To explore the significant biological functions and signaling pathways related to the MGMT gene in GBM, gene ontology (GO) enrichment, including cellular component, molecular function, and biological process, and Kyoto Encyclopedia of Genes and Genomes (KEGG) pathway enrichment analyses were performed in this study. The dysregulated proteins in the CON vs. GBM, GBM vs. MGMT and CON vs. MGMT groups were subjected to bioinformatics analysis. A total of 4307, 3863 and 1992 terms in the biological process (BP), cellular component (CC), molecular function (MF) and KEGG pathways were considered to be significantly overrepresented, respectively. In this study, 20 enriched GO biological processes were listed, including 10 downregulated proteins (upper panel) and 10 upregulated proteins (lower panel) (Figure 3). BP analysis showed that many proteins were involved in oxygen transport, cellular oxidant detoxification, ribosome biogenesis and ribonucleoprotein complex assembly (Figure 3A–C, and Table S4). A large number of proteins in the CC category were related to ribosomes, hemoglobin complexes and mitochondrial respirasomes (Figure 3A–C, and Table S5). Moreover, most proteins in the MF category were mainly related to structural constituent of ribosome, peroxidase activity, oxidoreductase activity, haptoglobin binding, antiboidant activity and oxygen carrier activity (Figure 3A–C, and Table S6). The enrichment of KEGG pathways illustrated that those dysregulated proteins were mainly related to Salmonella infection, spliceosome, oxidative phosphorylation and Malaria (Figure 3D–F, and Table S7).

Gene Ontology (GO) and Kyoto Encyclopedia of Genes and Genomes (KEGG) pathway enrichment analysis of the differentially regulated proteins from the control group (CON), glioblastoma group (GBM) and MGMT expression in GBM group (MGMT). (A) The top 20 enriched GO biological process (BP), cellular component (CC), and molecular function (MF) terms are illustrated in CON vs.

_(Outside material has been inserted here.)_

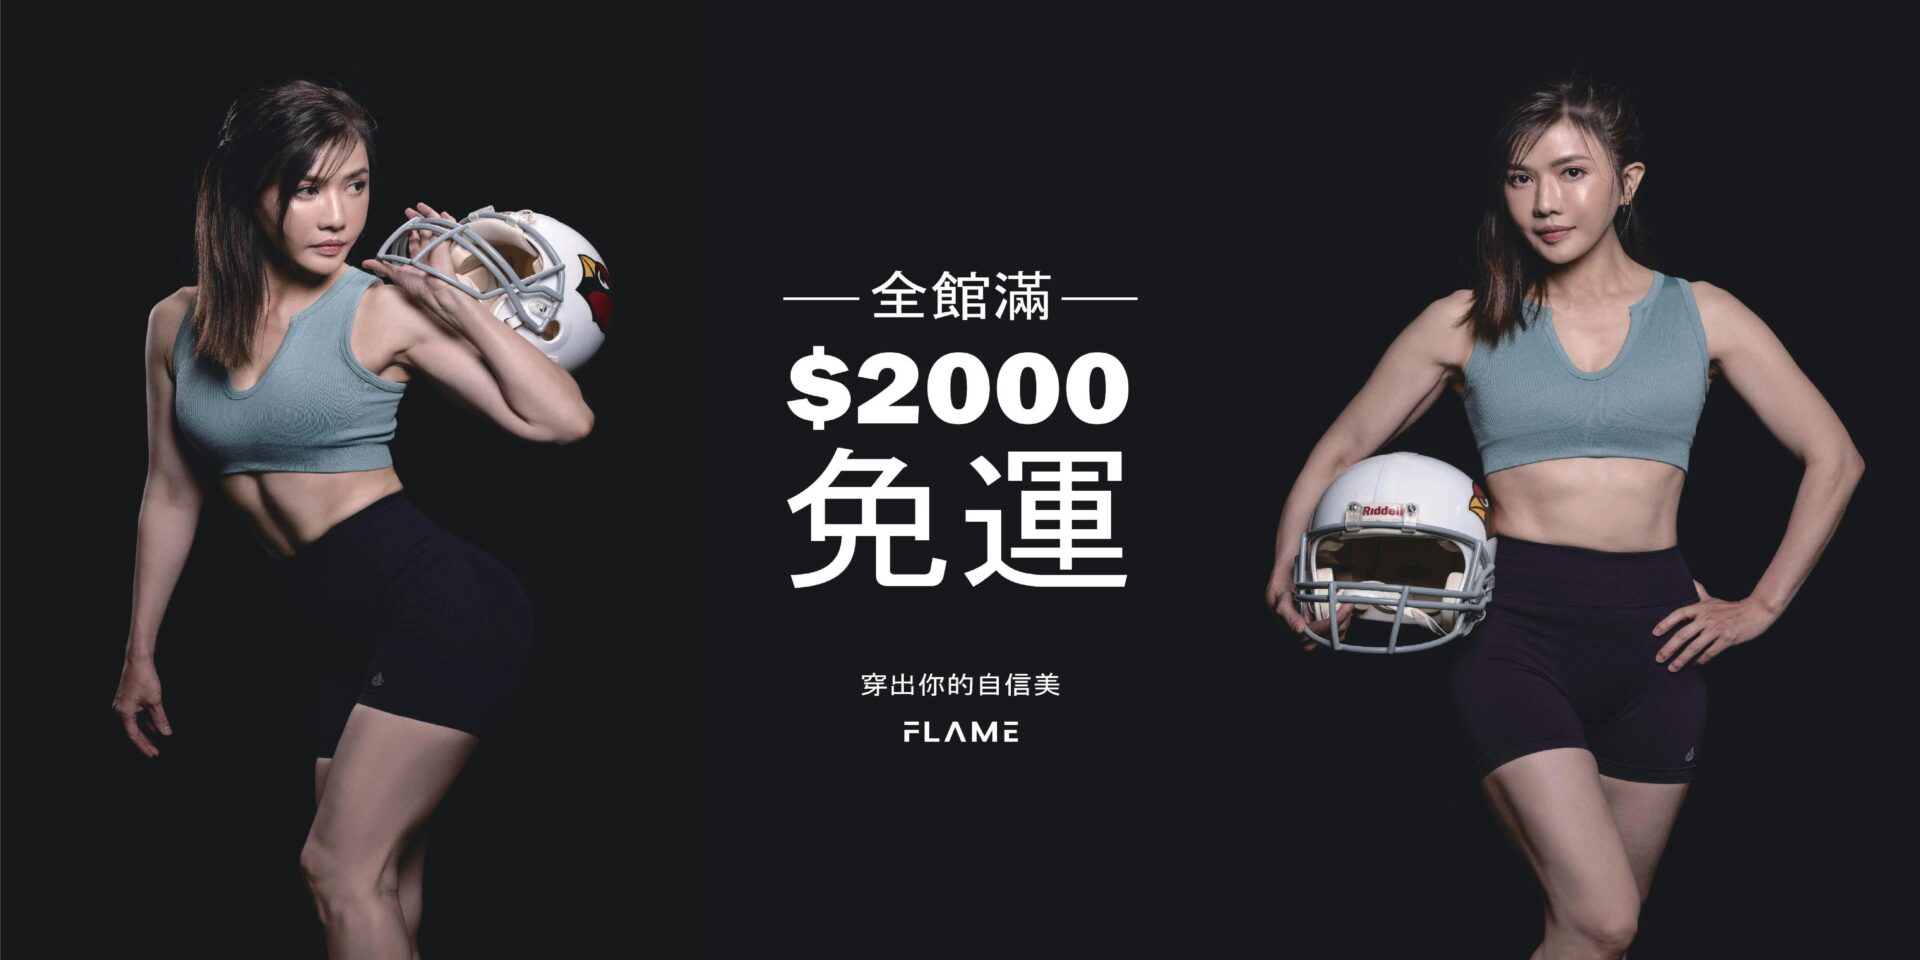 Flame2000免運

GBM. (B) The top 20 enriched BP, CC and MF terms are illustrated in GBM vs. MGMT. (C) The top 20 enriched BP, CC and MF terms are illustrated in CON vs. MGMT. (D) The significantly enriched KEGG pathway terms in CON vs. GBM. (E) The significantly enriched KEGG pathway terms in GBM vs. MGMT. (F) The significantly enriched KEGG pathway terms in CON vs. MGMT. The X‐axis represents the log₁₀ negative p value.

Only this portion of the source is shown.